Why is $0^0$ also known as indeterminate? [duplicate]

Solution 1:

The underlying problem here is that there are several related but differently defined concepts that are all notated $a^b$:

1. Exponentiation $\mathbb R\times \mathbb N_0 \to \mathbb R$ defined as repeated multiplication, which actually works as $R\times\mathbb N_0\to R$ for any ring-with-identity $R$. According to this concept $0^0$ is unambiguously $1$.

2. Exponentiation $\mathbb R^\times \times \mathbb Z \to \mathbb R^\times$ defined by extending the above to negative powers as reciprocals. This works for any field (or for the units of any ring). This doesn't define $0^0$ because it only works for numbers that have multiplicative inverses.

3. Exponentiation $\mathbb R_{\ge 0}\times \mathbb Q_{\ge 0}\to \mathbb R_{\ge 0}$ defined by roots of integral powers (themselves defined as above). If one bothers to include $a=0$ in this definition we again get $0^0=1$.

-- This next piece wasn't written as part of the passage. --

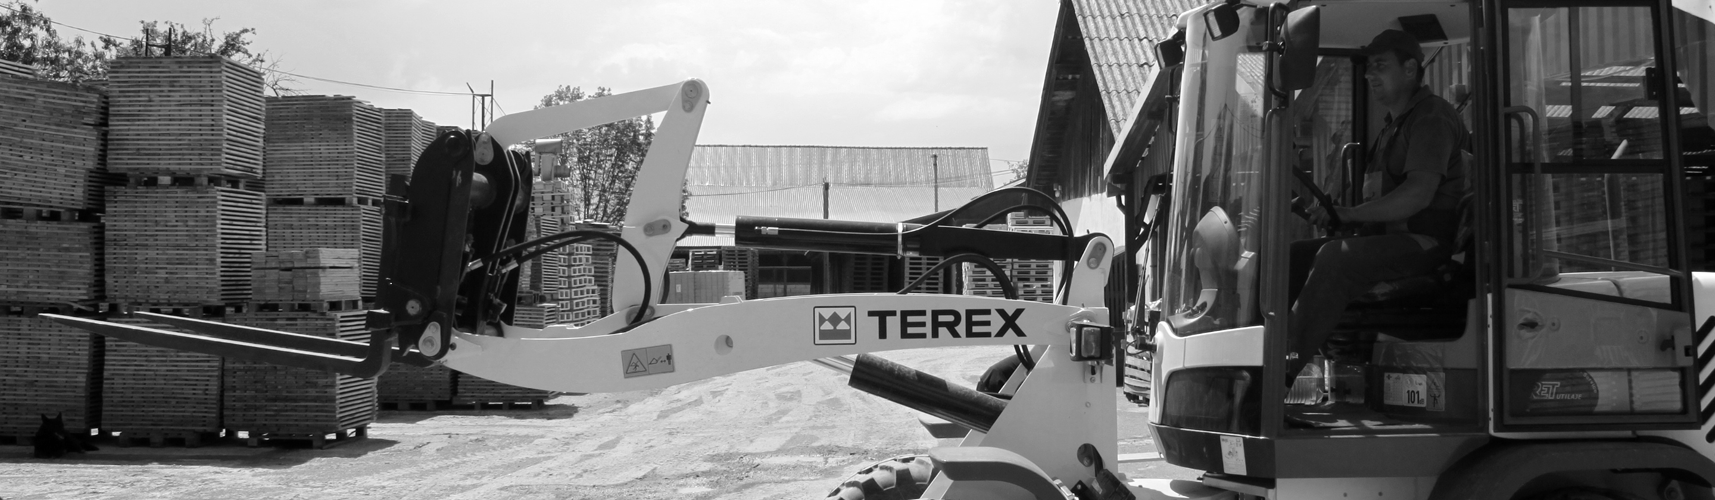 Terex-machinery

4. Exponentiation $\mathbb R_+\times \mathbb Q\to \mathbb R_+$, as above plus reciprocals and $a^0=1$.

5. Exponentiation $\mathbb R_{\ge 0}\times \mathbb R_+ \to \mathbb R_{\ge 0}$ and/or $\mathbb R_+\times \mathbb R\to\mathbb R_+$ by limits of the two above choices. This cannot be extended to give a value for $0^0$, because it has no limit for $(a,b)\to(0,0)$.

6. Exponentiation $\{e\}\times \mathbb R \to \mathbb R_+$ defined as a special case by the exponential function, which is again defined for example by power series. This extends to $\{e\}\times \mathbb C \to \mathbb C^\times$ for complex numbers.

7. Exponentiation $\mathbb R_+\times\mathbb R\to \mathbb R_+$ defined by $a^b = e^{b\log a}$. This doesn't extend to $a=0$ at all, and only with difficulty to complex $a$; we get multiple values due to the non-injectivity of the complex exponential.

Fortunately these definitions agree for those $(a,b)$ pairs where more than one of the concepts is defined. That's why it doesn't usually create problems to use the same notations for all of them. Note that all the definitions that do give meaning to $0^0$ result in $0^0=1$. One way to express this would be that in practice $a^b$ denotes the union of all these functions.

In practice some disagreement can arise, however, when someone claims that $a^b$ is "not defined" for some particular $(a,b)$ just because one of the definitions doesn't work for that $a$ and $b$. This is especially the case for $a=b=0$.

When $0^0$ is said to be an indeterminate form, what that means is neither more nor less than the fact that the limit $$ \lim_{x\to a} f(x)^{g(x)} $$ cannot be evaluated by taking limits of $f(x)$ and $g(x)$ separately if $f(x)\to 0$ and $g(x)\to 0$.

In particular, the word "indeterminate" does not say anything about what happens if we do apply one of the exponentiation functions to $(0,0)$ and we haven't got those zeroes by "taking limits under the limit sign".

Solution 2:

In the context of limits, $0^0$ is an indeterminate form because if the "limitand" (don't know what the correct name is) evaluates to $0^0$, then the limit might or might not exist, and you need to do further investigation.

Outside of limits, it's best to define $0^0$ as $1$ because the empty product - the product of no numbers - is defined as one.

Just like the sum of no numbers is defined as $0$:

$\quad \displaystyle \sum_{\phi(i)}x_i = 0$

where $\phi$ is a statement/property that is false for all $i$.

In product notation:

$\quad \displaystyle \prod_{\phi(i)} x_i = 1$

where $\phi(i)$ is a statement/property that is false for all $i$.

Defining $0^0 = 1$ simplifies many formulas. Many textbooks and online/offline soruces prefer not to define $0^0$ but that's pusillanimous in my view. $0^0 = 1$ works, we should use it.